Cite as: https://hdl.handle.net/11858/00-001M-0000-0013-D00B-0
Abstract
What happens in primary sensory areas when sensory input is shut down (e.g. primary visual cortex when eyes are closed)? Previous findings from Voltage Sensitive Dye Imaging (VSDI) experiments done on anesthetized cats (Grinvald et al., 1991; Arieli et al., 1995;Arieli et al., 1996; Tsodyks et al., 1999; Kenet et al., 2003) indicated that activity in the visual cortex depends not only on the nature of visual inputs but also on the state of the cortex at the time of stimulation. Furthermore, patterns that looked like orientation columns maps appeared spontaneously. Do those spontaneous cortical states have any functional significance, and what that might be? (Ferster D., 1996; Ringach D.L., 2003) As a natural step we went on to investigate whether those states also occur in the brains of animals that are awake. VSDI was recently implemented also on the awake monkey (Slovin et al., 2002; Seidemann et al., 2002) allowing monitoring of activity from the same patch of cortex for up to a year. In addition, spatio-temporal pattern of cortical activity can be obtained without signal averaging. We investigated the cortical activity in the primary visual cortex of behaving monkeys during both evoked and ongoing conditions.

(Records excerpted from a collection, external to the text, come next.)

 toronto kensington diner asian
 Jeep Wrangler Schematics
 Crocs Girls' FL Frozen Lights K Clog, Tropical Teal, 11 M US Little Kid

We combined simultaneous VSDI with electrophysiological recordings of local field potentials (LFP) and multi unit activities. In the evoked conditions, the monkeys were trained to fixate for 10s while presented with a full field moving grating, whereas, during the ongoing conditions, the monkeys were trained to sit quietly in a totally dark room while their eyes were covered. We have detected coherent spatio-temporal activity during ongoing activity over the primary visual areas. This ongoing spatio-temporal activity shows its highest correlation to the local-field potentials at the range of the alpha frequency band (9-14 Hz). In comparison to the ongoing activity in the anesthetized preparation the dynamics of the ongoing activity in the awake monkey is much faster, and the coherence-length is much smaller. We have also observed inter-area differences in coherent activity between area V1 and V2. Those results strengthen the hypothesis that the ongoing activity plays an important role in cortical function rather then being epiphenomena of the anesthetized state.